Road to BAL
- Organising body: FIBA Africa
- Founded: 2019; 6 years ago
- First season: 2021
- Confederation: FIBA Africa
- Number of teams: 25 (2026 season)
- Current champions: West Division: Al Ahly Ly (1st title) East Division: Nairobi City Thunder (2nd title) (2026)
- Most championships: Cape Town Tigers & Nairobi City Thunder (2 titles)
- TV partners: YouTube Courtside 1891
- Website: Link
- 2026 BAL qualification

= Road to BAL =

The Road to BAL, also known as the BAL Qualifying Tournaments, are the qualifying tournaments of the Basketball Africa League (BAL). While the main tournament is co-organised by FIBA and the NBA, the organization of the qualifiers is completely done by FIBA. The first qualifying rounds began on 16 October 2019 during the 2021 BAL qualification.
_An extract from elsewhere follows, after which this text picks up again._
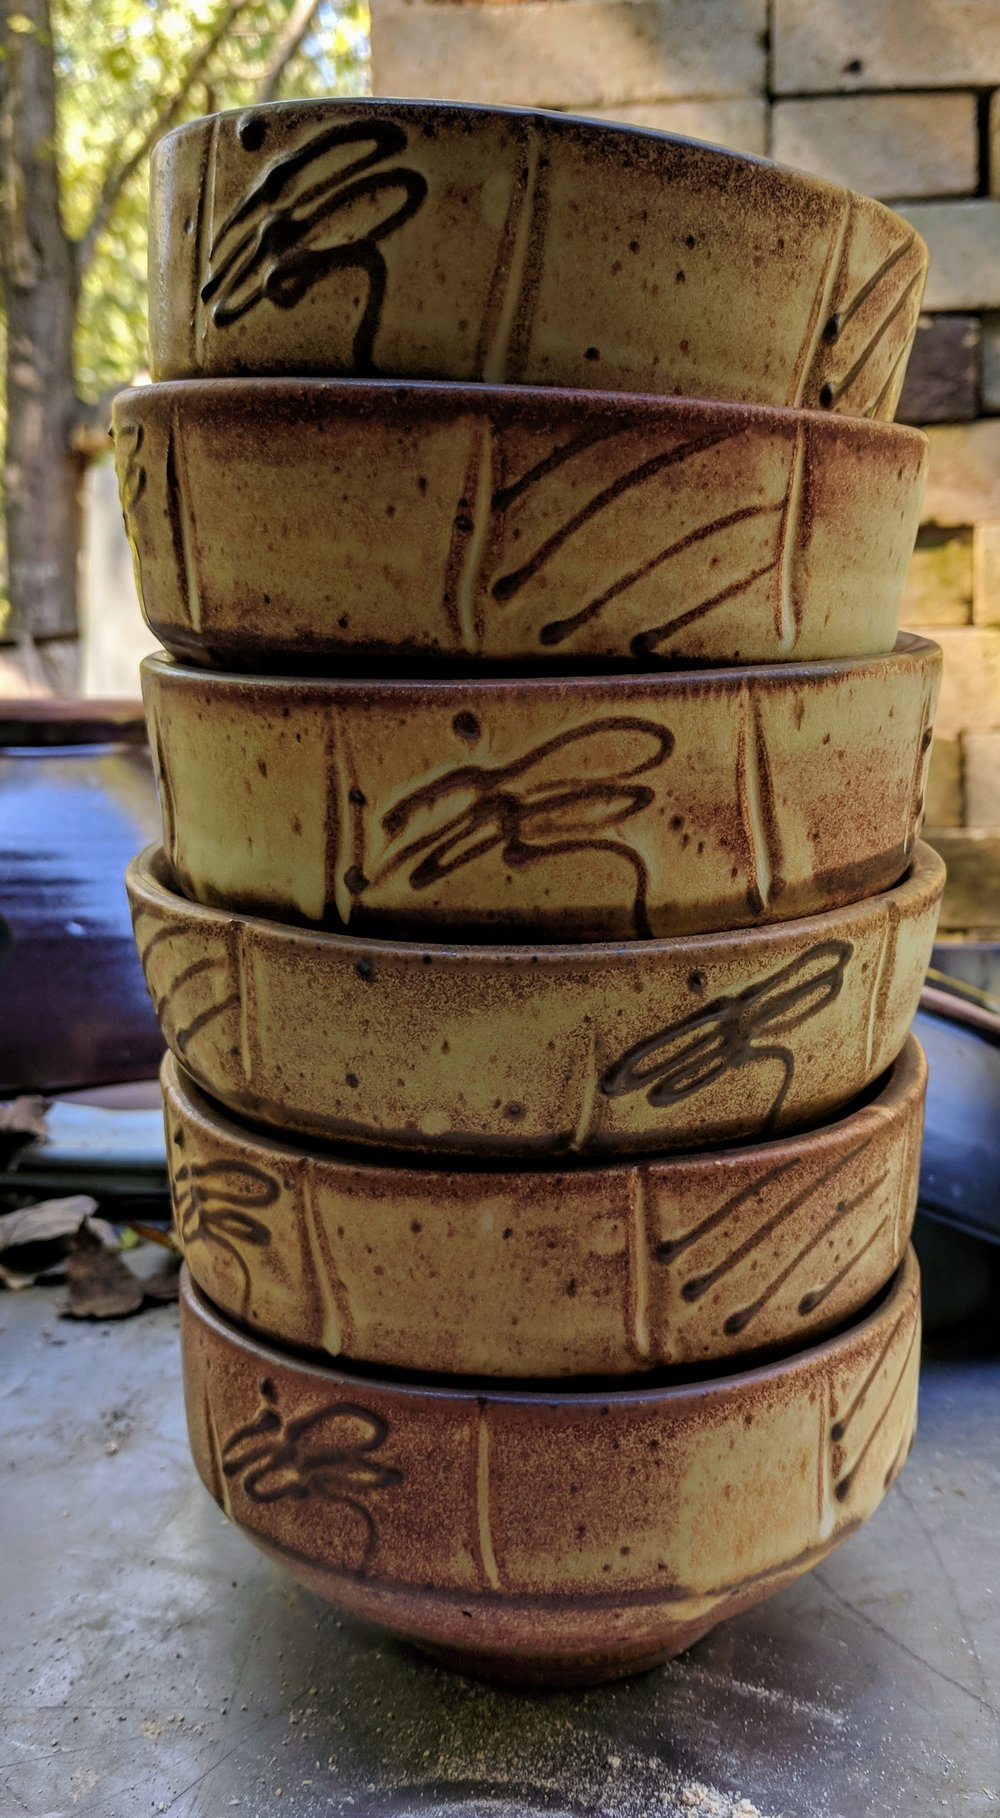 mamo-dragonfly-bowls.jpg

The qualifiers are geographically divided into the West and East Division, with three teams qualifying out of each division. Semi-finals and finals are played to determine the winners of the qualifying tournaments.

== History ==
The first BAL qualifying game was played on October 16, 2019, in the qualification for the 2021 season. The City Oilers from Uganda defeated Dynamo 71–57 in Dar es Salaam.

During the second season, the name "Road to BAL" was used for the first time, which would later become the event name.

The following years, the competition was held in different venues in several countries, but held the same format which led to six teams qualifying for the main tournament.

==Format==
The national champions of each national federation (associated with FIBA Africa) can sign up for the BAL qualifiers.

In the inaugural edition, a total of 31 teams from 31 countries participate in the qualifying tournaments to determine which six teams will play in the 2020 BAL regular season, along with six directly placed six teams.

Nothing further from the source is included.